== LISTED ENTRIES ==
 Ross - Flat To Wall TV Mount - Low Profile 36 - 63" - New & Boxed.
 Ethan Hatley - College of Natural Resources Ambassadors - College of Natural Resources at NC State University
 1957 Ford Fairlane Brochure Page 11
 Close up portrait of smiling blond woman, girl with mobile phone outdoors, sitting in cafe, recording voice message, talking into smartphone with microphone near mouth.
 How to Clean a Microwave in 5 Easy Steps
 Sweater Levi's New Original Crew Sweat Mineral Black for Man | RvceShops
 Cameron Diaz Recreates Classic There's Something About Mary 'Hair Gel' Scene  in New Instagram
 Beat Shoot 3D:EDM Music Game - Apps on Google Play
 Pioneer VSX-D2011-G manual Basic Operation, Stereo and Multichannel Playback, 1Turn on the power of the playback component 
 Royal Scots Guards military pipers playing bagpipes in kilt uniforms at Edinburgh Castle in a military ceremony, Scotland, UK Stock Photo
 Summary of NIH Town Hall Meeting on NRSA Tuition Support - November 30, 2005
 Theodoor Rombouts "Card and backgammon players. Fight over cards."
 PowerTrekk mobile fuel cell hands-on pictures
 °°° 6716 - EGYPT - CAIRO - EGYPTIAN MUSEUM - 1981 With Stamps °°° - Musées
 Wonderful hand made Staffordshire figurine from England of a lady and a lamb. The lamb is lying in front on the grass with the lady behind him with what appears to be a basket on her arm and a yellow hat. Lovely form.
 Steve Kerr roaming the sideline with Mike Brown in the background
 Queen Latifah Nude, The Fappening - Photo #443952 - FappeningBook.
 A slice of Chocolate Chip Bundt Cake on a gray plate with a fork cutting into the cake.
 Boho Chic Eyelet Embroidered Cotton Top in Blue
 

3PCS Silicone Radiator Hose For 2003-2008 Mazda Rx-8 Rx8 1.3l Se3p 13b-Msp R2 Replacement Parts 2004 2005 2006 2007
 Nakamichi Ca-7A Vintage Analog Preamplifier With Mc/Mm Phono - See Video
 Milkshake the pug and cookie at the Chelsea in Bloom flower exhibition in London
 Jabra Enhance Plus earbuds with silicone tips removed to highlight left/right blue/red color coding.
===
- INSTRUCTIONS FOR THE TASK
Every entry is to be returned exactly, with nothing dropped.

- RESULT OF THE TASK
 Ross - Flat To Wall TV Mount - Low Profile 36 - 63" - New & Boxed.
 Ethan Hatley - College of Natural Resources Ambassadors - College of Natural Resources at NC State University
 1957 Ford Fairlane Brochure Page 11
 Close up portrait of smiling blond woman, girl with mobile phone outdoors, sitting in cafe, recording voice message, talking into smartphone with microphone near mouth.
 How to Clean a Microwave in 5 Easy Steps
 Sweater Levi's New Original Crew Sweat Mineral Black for Man | RvceShops
 Cameron Diaz Recreates Classic There's Something About Mary 'Hair Gel' Scene  in New Instagram
 Beat Shoot 3D:EDM Music Game - Apps on Google Play
 Pioneer VSX-D2011-G manual Basic Operation, Stereo and Multichannel Playback, 1Turn on the power of the playback component 
 Royal Scots Guards military pipers playing bagpipes in kilt uniforms at Edinburgh Castle in a military ceremony, Scotland, UK Stock Photo
 Summary of NIH Town Hall Meeting on NRSA Tuition Support - November 30, 2005
 Theodoor Rombouts "Card and backgammon players. Fight over cards."
 PowerTrekk mobile fuel cell hands-on pictures
 °°° 6716 - EGYPT - CAIRO - EGYPTIAN MUSEUM - 1981 With Stamps °°° - Musées
 Wonderful hand made Staffordshire figurine from England of a lady and a lamb. The lamb is lying in front on the grass with the lady behind him with what appears to be a basket on her arm and a yellow hat. Lovely form.
 Steve Kerr roaming the sideline with Mike Brown in the background
 Queen Latifah Nude, The Fappening - Photo #443952 - FappeningBook.
 A slice of Chocolate Chip Bundt Cake on a gray plate with a fork cutting into the cake.
 Boho Chic Eyelet Embroidered Cotton Top in Blue
 

3PCS Silicone Radiator Hose For 2003-2008 Mazda Rx-8 Rx8 1.3l Se3p 13b-Msp R2 Replacement Parts 2004 2005 2006 2007
 Nakamichi Ca-7A Vintage Analog Preamplifier With Mc/Mm Phono - See Video
 Milkshake the pug and cookie at the Chelsea in Bloom flower exhibition in London
 Jabra Enhance Plus earbuds with silicone tips removed to highlight left/right blue/red color coding.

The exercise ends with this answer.